The Natural Sciences and Engineering Research Council (NSERC) recognized the country’s best and brightest this spring in a ceremony at Ottawa’s Rideau Hall, where Governor General Julie Payette hosted the presentation of the granting council’s major scientific awards. The most outstanding of these prizes went to Lewis Kay, a professor in the University of Toronto’s Department of Biochemistry, who won the Gerhard Herzberg Canada Gold Medal for Science and Engineering. Kay’s work focuses on innovations in nuclear magnetic resonance spectroscopy, which he has developed to yield images of proteins in motion. This and other fundamental work in molecular biophysics also led to him being invested as a Companion in the Order of Canada in a separate Rideau Hall ceremony. Kay had previously received the Canadian Society for Chemistry’s E.W.R. Steacie Award in 2013.

NSERC

The NSERC John C. Polanyi Award, which acknowledges the contributions of researchers responsible for outstanding advances in their field, went to Michael Organ, a professor in the University of Ottawa’s Department of Chemistry and Biomolecular Sciences. Organ’s specialty has been the creation of catalysts that have shaped new products in pharmaceutical and agricultural industries, as well as the introduction of new materials and the advent of green chemical processes. Organ now directs uOttawa’s Centre for Catalysis Research and Innovation, as profiled in ACCN Canadian Chemical News [Chemical investigators featured prominently in Canada].

One of NSERC’s Synergy Awards for Innovation, which highlight examples of university-industry collaboration, singled out Western University Civil and Environmental Engineering professor Jason Gerhard’s work with Savron, a division of Geosyntec Consultants International Inc. Together they have been working on a novel land remediation technique that smoulders chemical contaminants until all that is left is clean soil. This low-cost, energy efficient technology has been demonstrated in the field and is now attracting international interest.

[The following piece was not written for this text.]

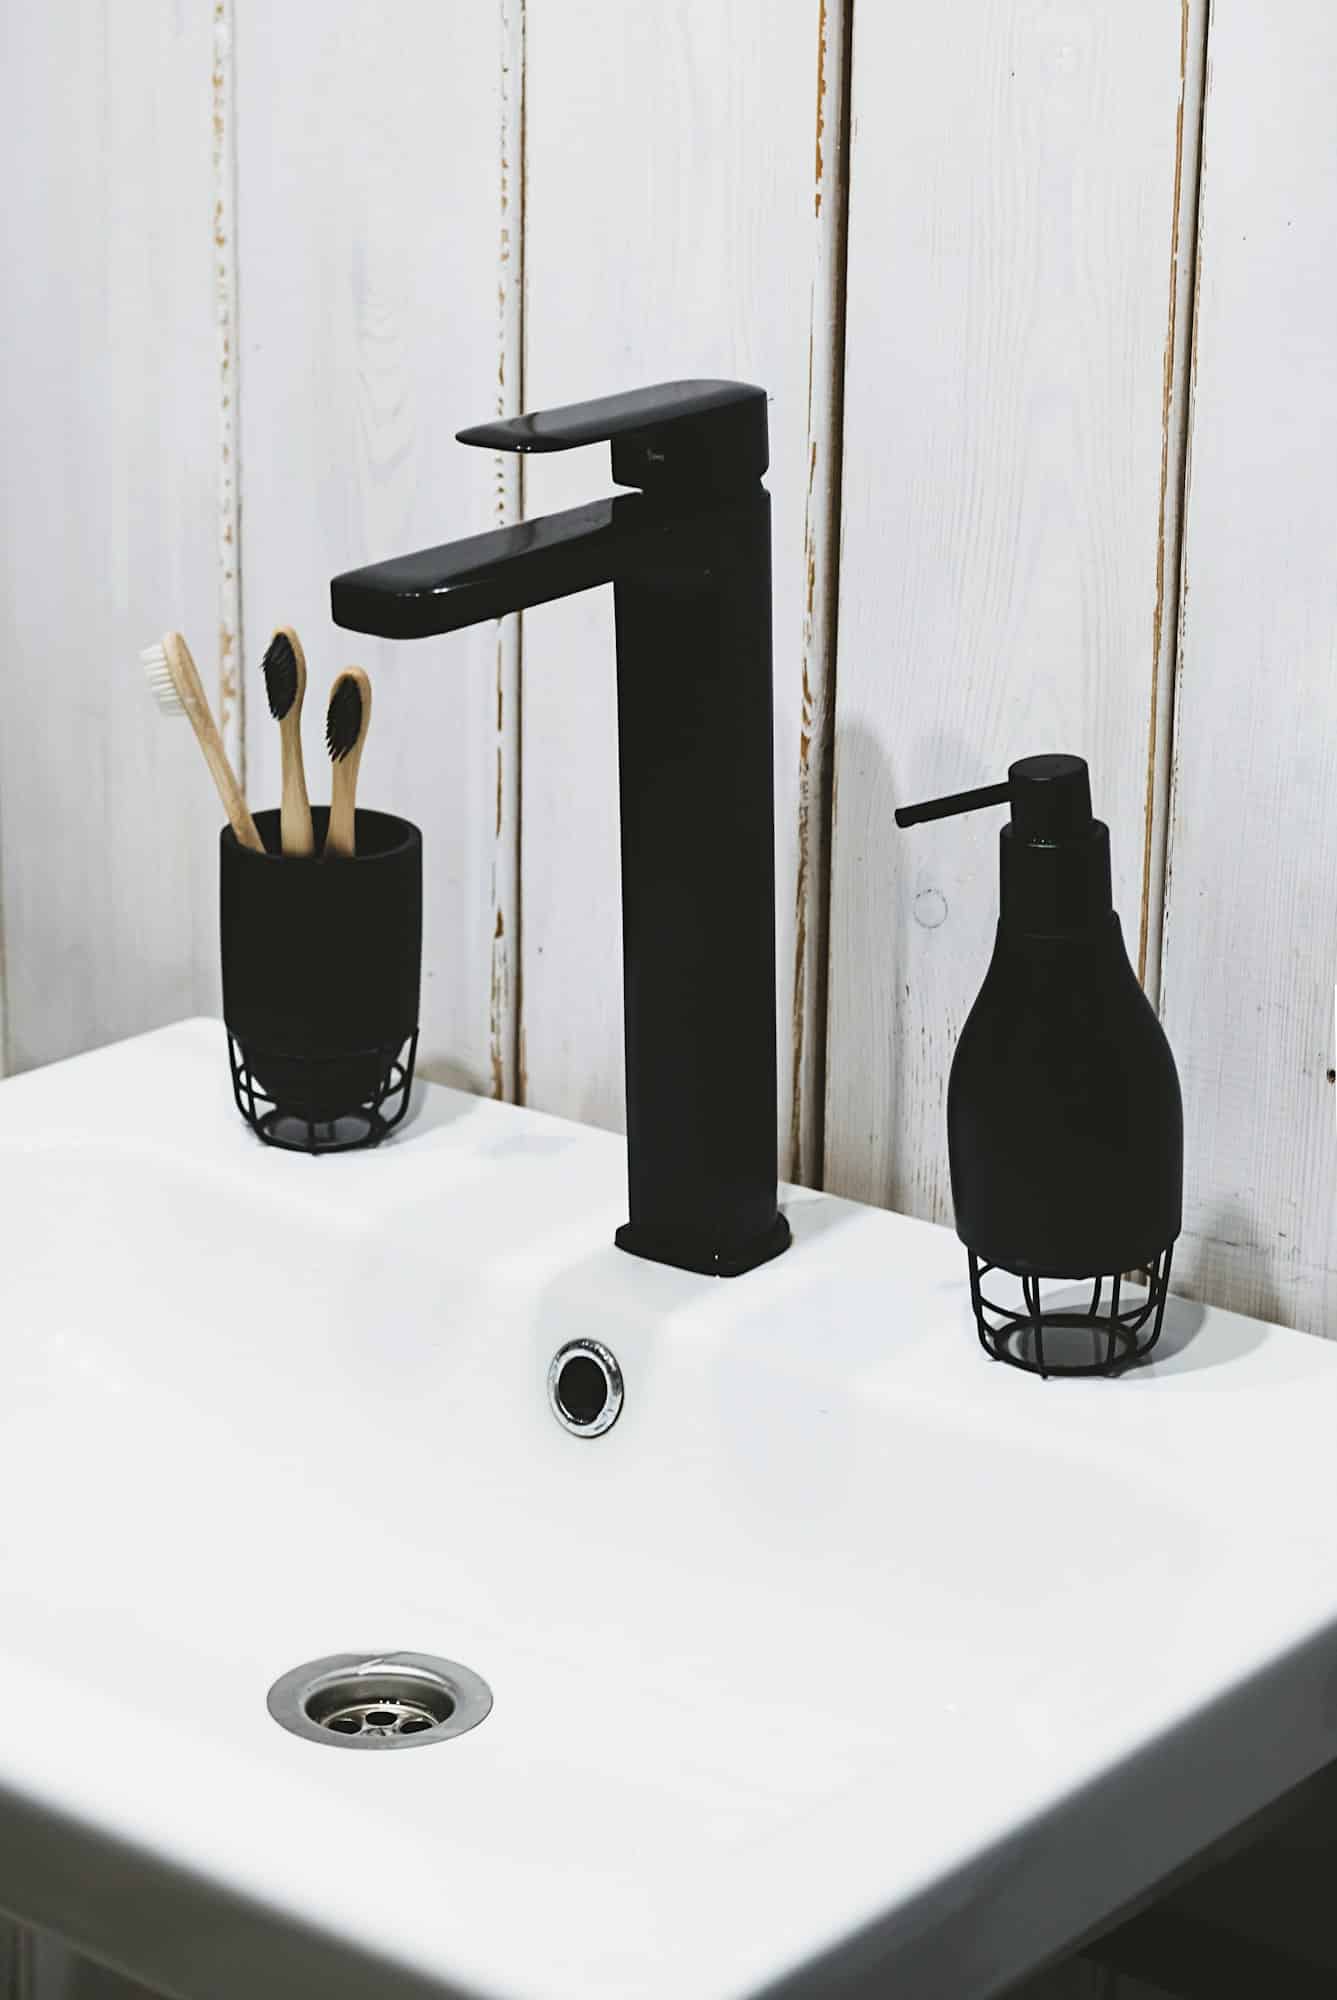 Robinet salle de bain : Vous pouvez miser sur un modèle en acier brossé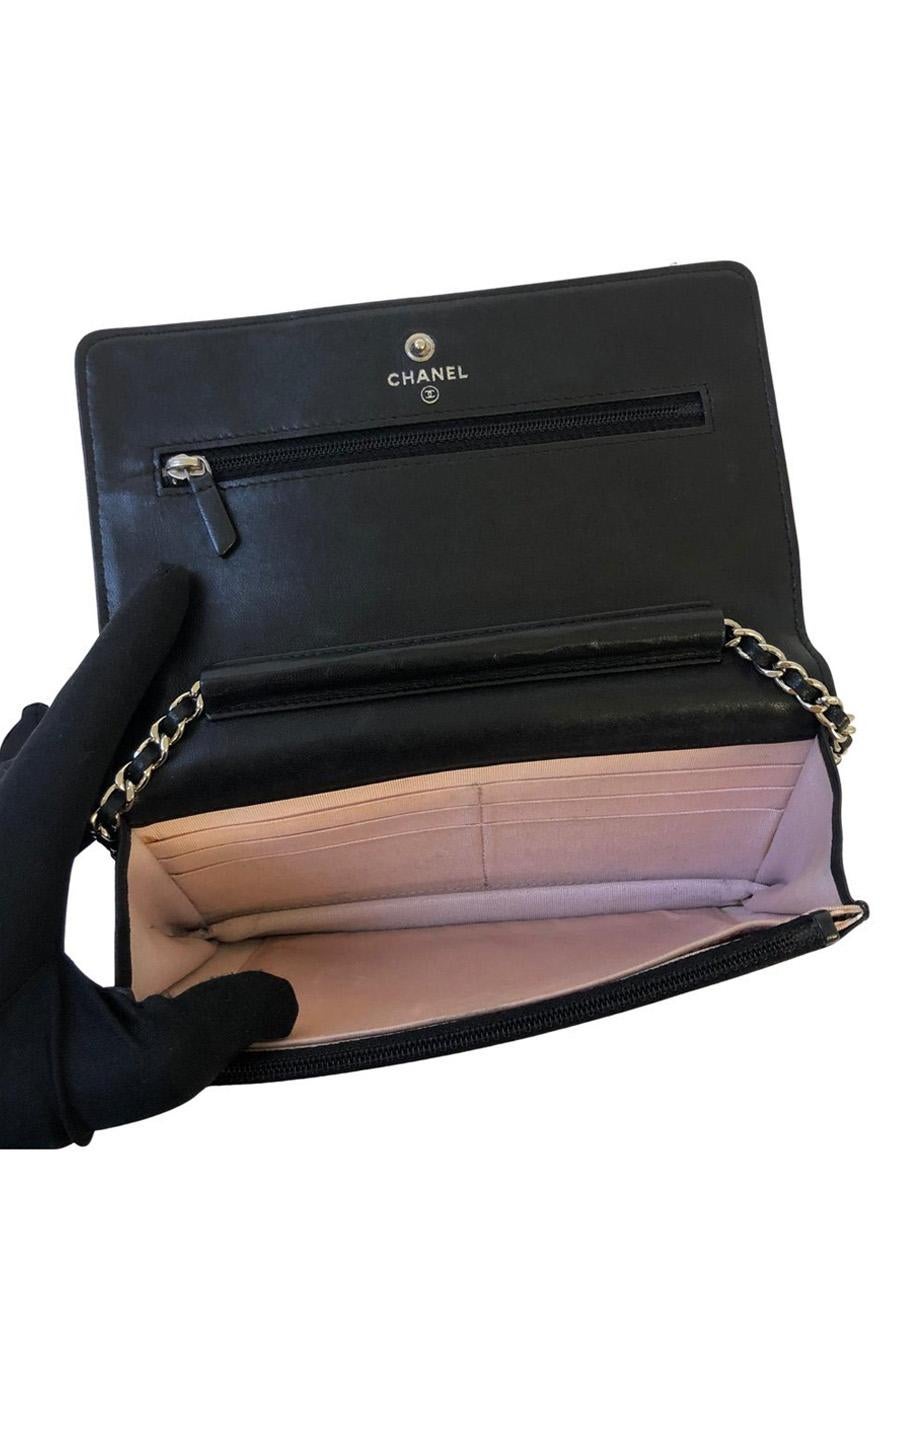 Women's Chanel Wallet on Chain (WOC) in black lambskin leather For Sale

Todd Hoare, a professor in McMaster University’s Department of Chemical Engineering, was among this year’s winners of NSERC’s E.W.R. Steacie Memorial Fellowship, which is intended to advance the career of promising investigators. This support should accelerate his leading efforts in the application of hydrogels and nanogels in areas such as drug delivery and tissue repair.

Another prominent honour for Canadian scholars is the Killam Research Fellowship, awarded annually by the Canada Council for the Arts to individuals across research disciplines. This year the list included Hanadi Sleiman, a professor at McGill University’s Department of Chemistry and Health Sciences, where she holds the Canada Research Chair in DNA Nanoscience. Her laboratory is exploring the use of DNA as scaffolding for intricate molecular structures and these accomplishments also earned her the 2018 R.U. Lemieux Award from the Canadian Society for Chemistry.